Inferring Phylogenies is intended for graduate-level courses, assuming some knowledge of statistics, mathematics (calculus and fundamental matrix algebra), molecular sequences, and quantitative genetics.
Back to top
About the Author(s)
Joe Felsenstein is Professor in the Department of Genome Sciences at the University of Washington, Seattle, where he has taught for more than thirty years. He earned a B.S. (Honors) in Zoology from the University of Wisconsin, Madison, and a Ph.D. in Zoology from the University of Chicago. Dr. Felsenstein is the author of the widely used PHYLIP package of programs for inferring phylogenies. He served as President of the Society for the Study of Evolution in 1993 and has received numerous awards, including: election to membership in the American Academy of Arts and Sciences (1992); the Sewall Wright Award, American Society of Naturalists (1993; election to membership in the National Academy of Sciences (1999); and the Weldon Memorial Prize, Oxford University (2000). His work has ranged from theoretical evolutionary genetics to statistical methods for inferring phylogenies. His current research interests include the development of coalescent-based Markov Chain Monte Carlo methods of computing likelihoods for models of evolution within species, and development of statistical methods for inferences about quantitative characters within and between species.
The Author at Work
Joe presenting at the 2004 SSE meeting in Fort Collins, CO.
Companion Webpages
Errata: http://evolution.gs.washington.edu/book/typos.html
Datasets: http://evolution.gs.washington.edu/book/datasets.html
Back to top
Reviews and Commentary
“Joe Felsenstein has had more positive influence on the statistical revolution of phylogenetics than any other researcher in the field. For that reason, many biologists view him as the father of statistical phylogenetics. It was with this in mind that I finally got my hands on his long-awaited book, Inferring Phylogenies. The short answer is: it delivers. . . . Inferring Phylogenies is quite simply an instant classic.”
—AJ Drummond, Heredity
“The book is full of expert insights, as one would expect from an author who has made important original contributions to many of the areas he covers. Felsenstein provides beautiful and creative accounts of many topics. . . . It will be a long time before there will be a comparable book; perhaps the field is now growing too fast for there to ever be one. The publication of Inferring Phylogenies is a milestone for evolutionary biology in general and phylogenetics in particular.”
—Fredrik Ronquist, Science
“The author certainly sets out with an ambitious goal: to survey, in one book, the field of phylogenetics since computational methods entered the arena 40 years ago, and he amply delivers on this promise. . . . For researchers new to this area, the book describes contemporary methodology in a way that is both accessible and authoritative. . . . For ‘old hands,’ it provides a wealth of background and commentary.”

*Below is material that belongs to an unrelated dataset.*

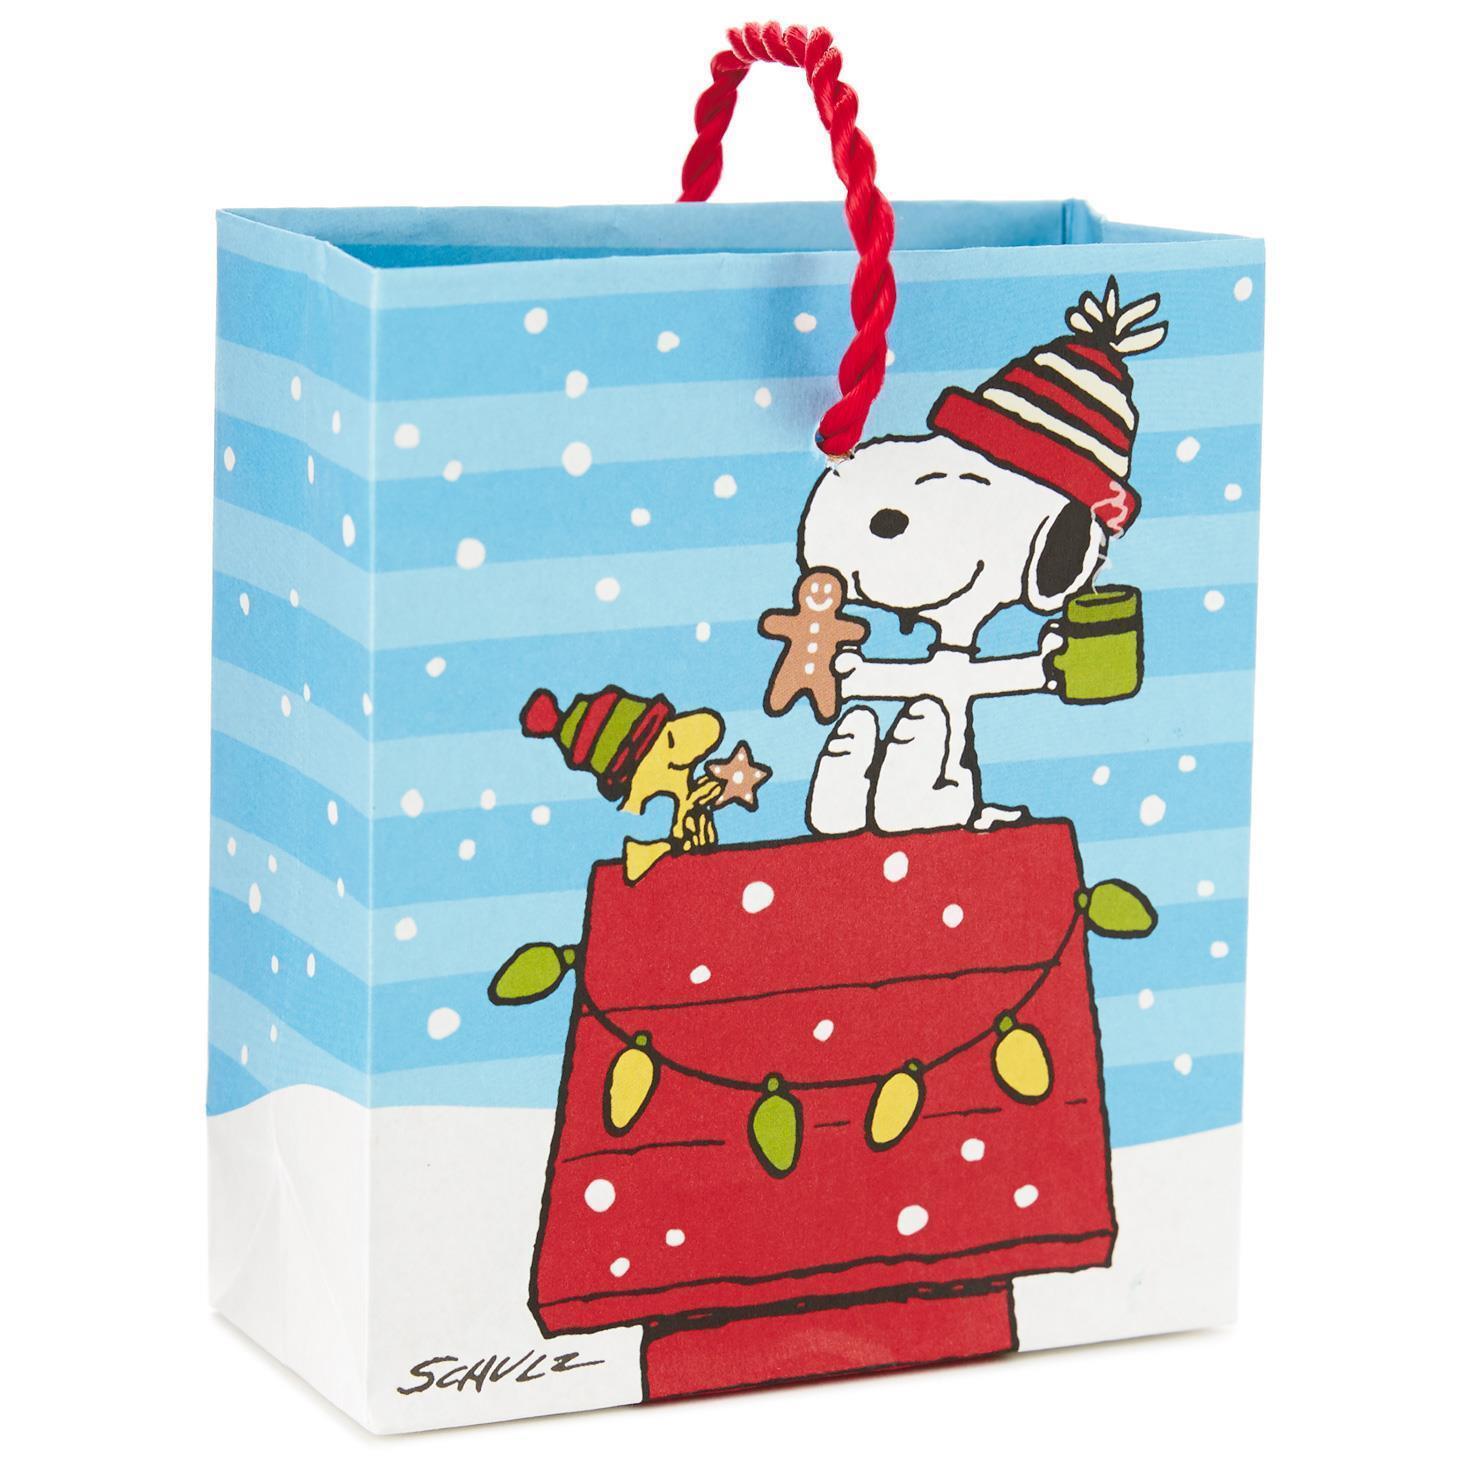 Lot 3 Hallmark Peanuts Snoopy Woodstock Christmas Gift Bag 4

—Mike Steel, TRENDS in Ecology and Evolution
“Occasionally a book is a classic by the time it is published, and this is it. . . . The breadth is very wide with all the main expected topics. . . . It is hard to imagine how any lab could function without this book.”
—David Penny, Systematic Biology
“Felsenstein’s book . . . represents a truly majestic discussion of the inference and applications of phylogenetic trees. The power of this volume lies in its unique combination of an accessible style with undoubted intellectual authority. . . . Over 30 years ago Crow and Kimura produced what has become the cornerstone of theoretical population genetics. Felsenstein has now given us the definitive resource for anyone interested in phylogenetics. This volume is an outstanding achievement.”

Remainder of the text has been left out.